The Mystery of Hatred

Lucian Lucia
3 min readJan 5, 2024

Why?

In my deepest and most intense ruminations of the mystery of hatred, I have felt a great sadness. I realize this is only at one step of our journey, but it is not the end-all-and-be-all (I admit this only in name, not in my truth). If anyone begins to believe the truth that everything is derived from perfect good, then there can be no hatred at all. In other words, it is a pretext of some kind that even our most sophisticated senses cannot truly fathom. How can this be? If someone curses me, hits me, kills me, or spits on me, how can we not call this hate?

In the tensions of life, we find the duality is what makes everything have meaning.

I was trained to study arguably the most fundamental and most important particle in the universe: the photon. In my studies, I learned the meaning of the Heisenberg Uncertainty Principle in which the momentum or position of any elementary particle (e.g., a photon) cannot be determined with any more certainty than at minimum h/4π. So many physical experiments have been done to corroborate this relationship that has lead to mysterious concepts such as quantum entanglement, wave-particle duality, and quantum probability. In other words, reality has a glitch in its fundamental meaningfulness by this Uncertainty Principle. Albeit this uncertainly is at the quantum level, its truth is absolute and therefore applies to all aspects of reality.
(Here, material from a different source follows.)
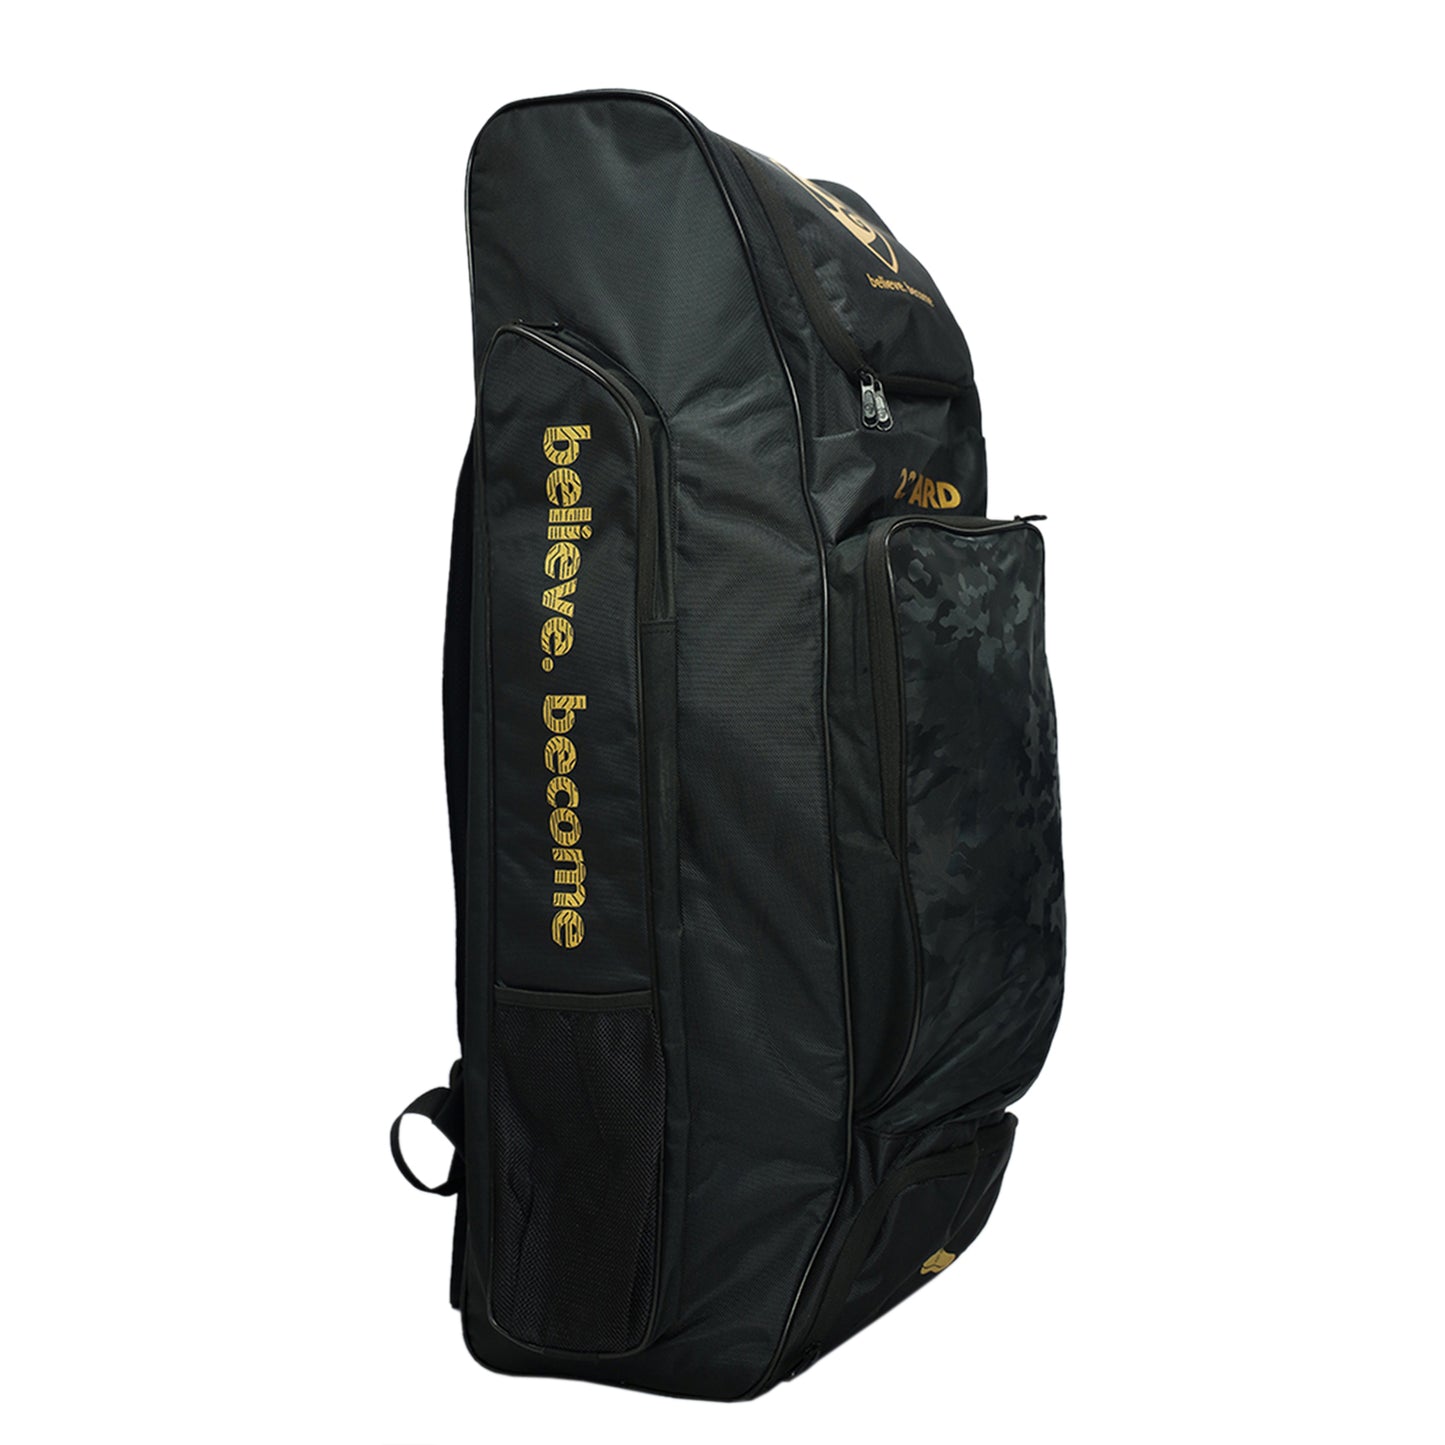 SG 22 Yard Duffle Cricket Kitbag, Large - Best Price online Prokicksports.com
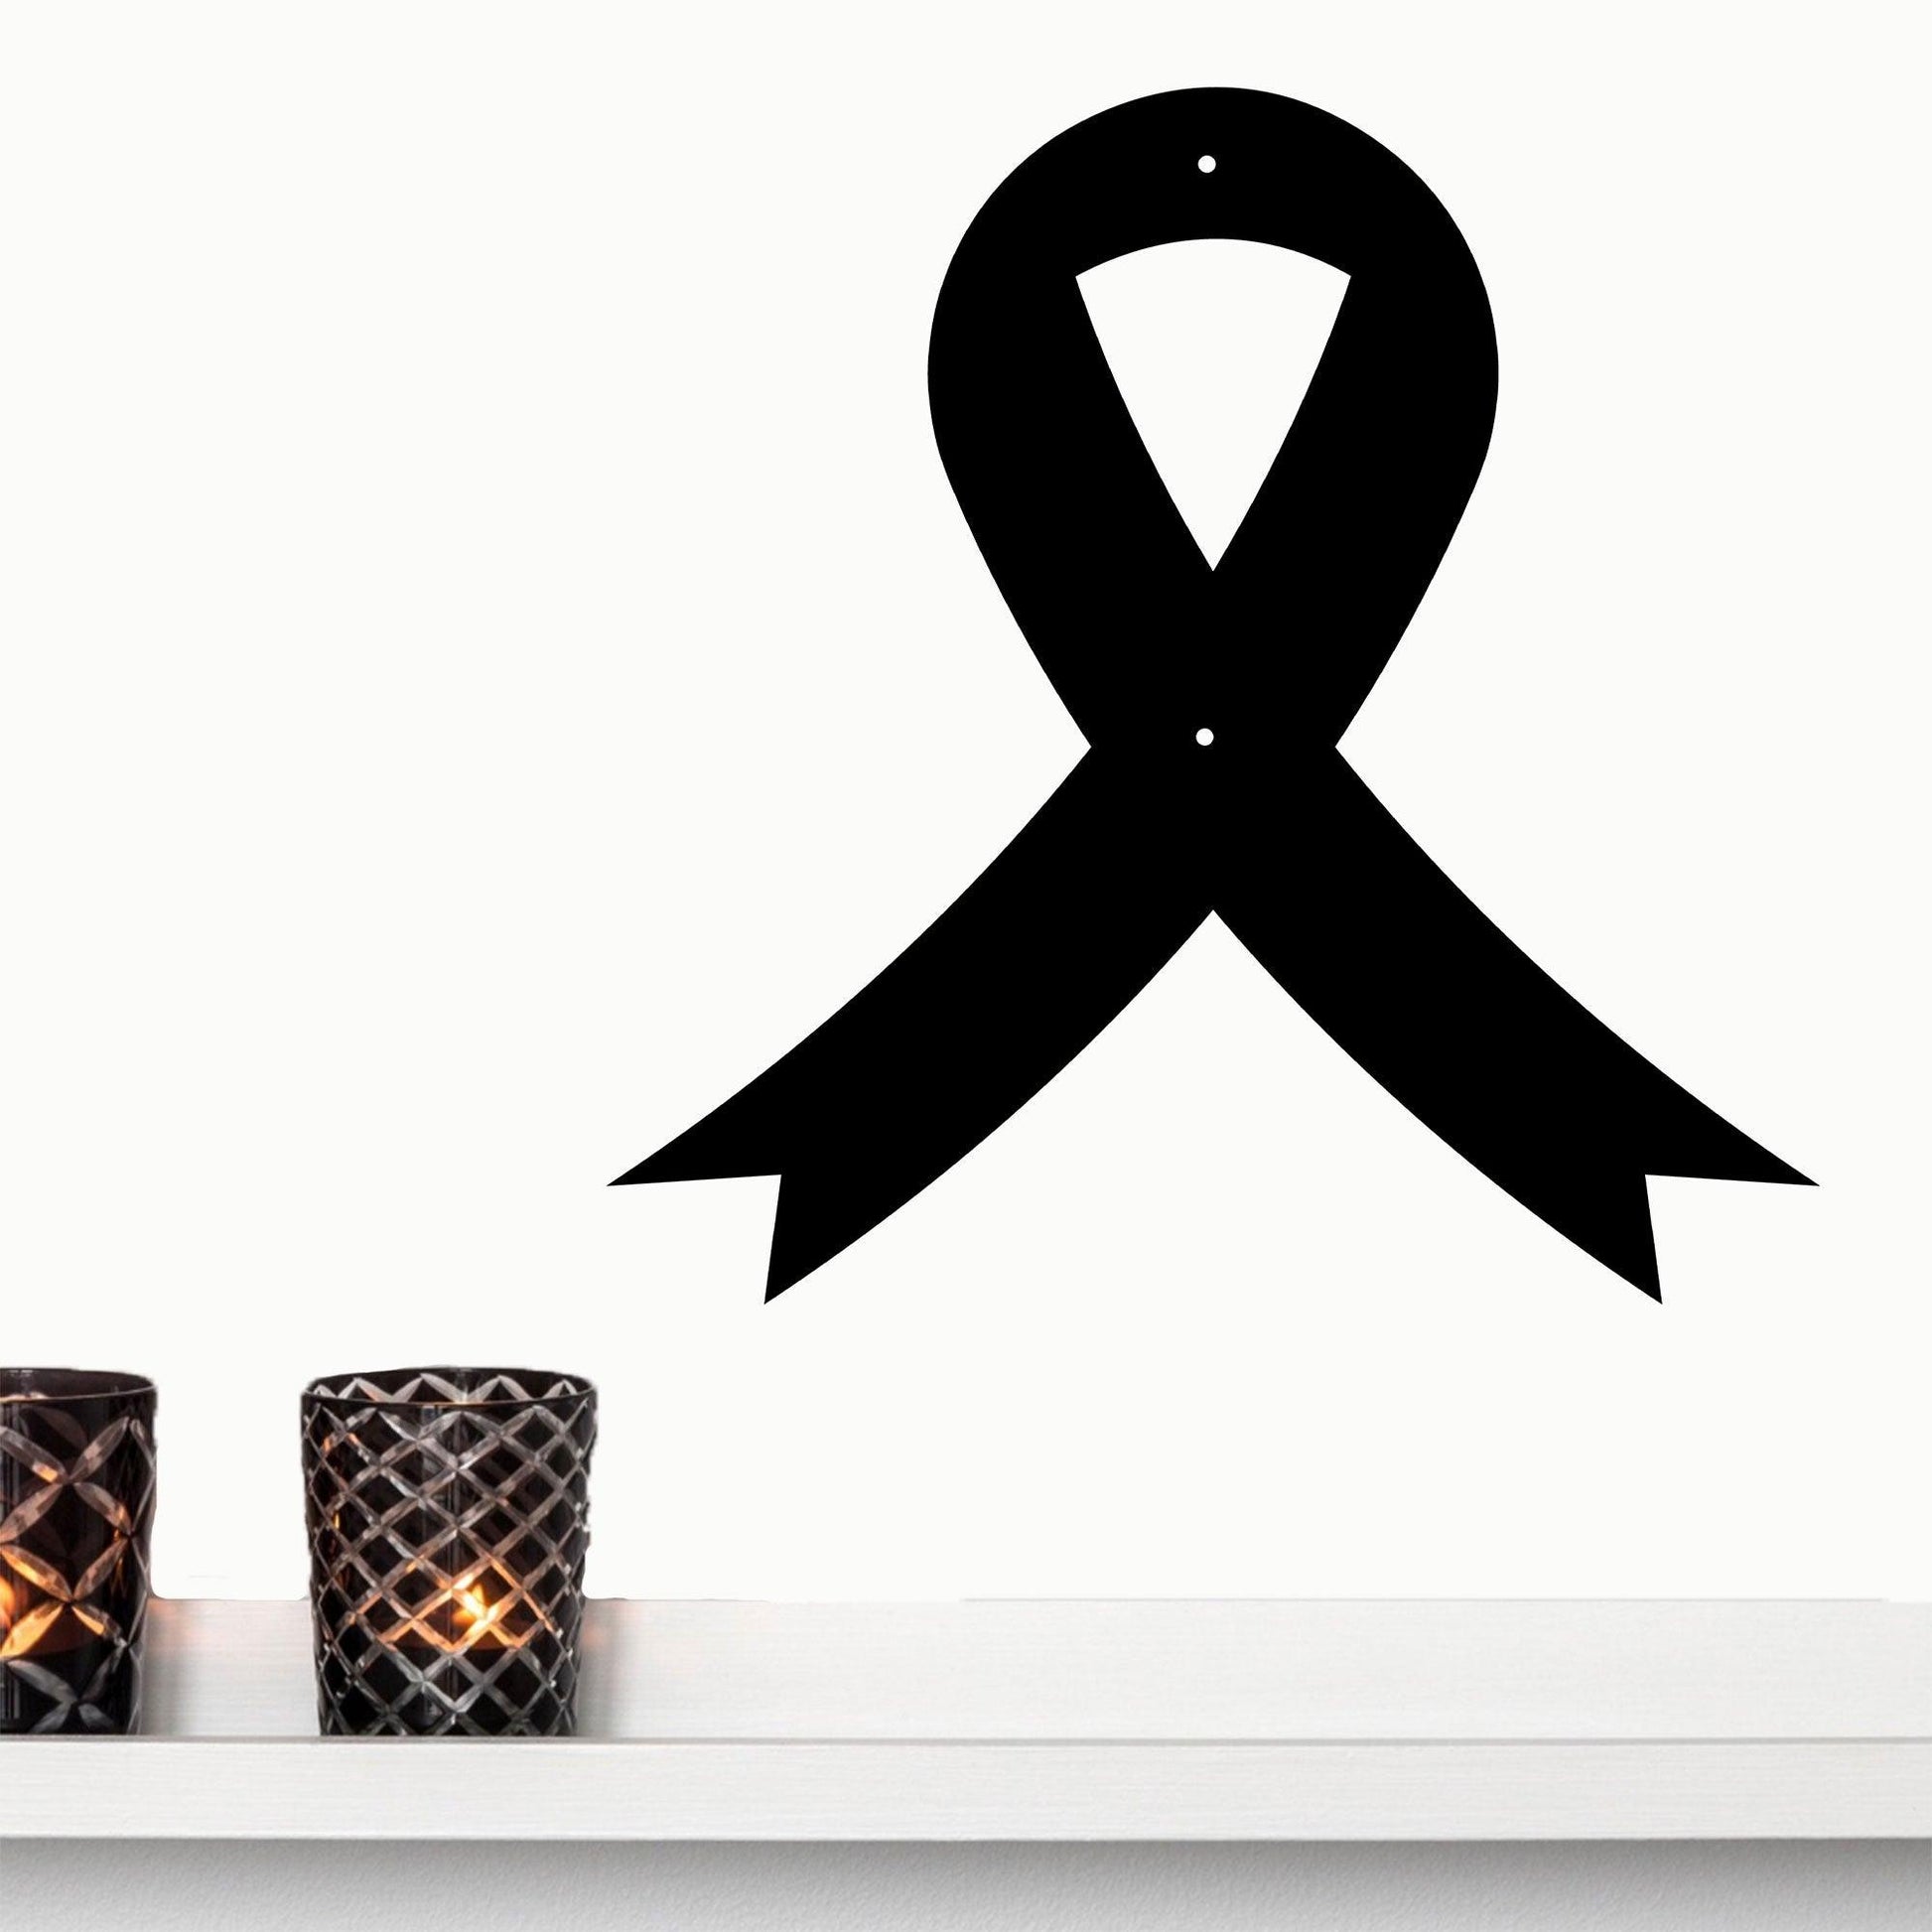 Cancer Awareness Ribbon Metal Wall Art Sign - Mallard Moon Gift Shop

In fact, I was taught no electrons could ever “touch” one other. Think about that for a moment. Electrons are the outer sphere of all atoms and molecules. They could never enter into one another. Therefore, there is a kind of independence of all material particles in nature. The notion that such a truth is in place at our level is therefore worth a few moments of thought. If we accept Uncertainty and the lack of particle interpenetration, perhaps the notions of hatred at its most basic level is moot? In other words, like most of the universe (dark matter and dark energy), our understandings of the phenomena we think we know are illusory and without truth.

Yet, we feel and experience hatred, don’t we? How can this be in a world of perfect good? It is said in the most ancient wisdom of the mystery of everything that the “arm of the Lord is not short.” In other words, we cannot impugn the perfection we are taught if we believe in an essential goodness that seeded the entirety of the Universe. If the arm of the Lord is not short, than the feelings and experience of hatred point to something else. Whatever that is, is the greatest journey we can experience. Let’s believe in one another because what I know without equivocation is there is only the goodness. I write with conviction because I cannot fathom any sense otherwise. If, for example, we choose to believe in religions, the only alternative is “hell,” or punishment. Yet, if such a construct is real, how can we justify the perfection? Are there two standards?

Science teaches the unity of everything as articulated in a Higgs-Boson particle and a Big Bang singularity. In such a material world, we would logically deduce in a unity pointing to a primordial perfection rooted in goodness. How can we think otherwise if we wish to find rationality?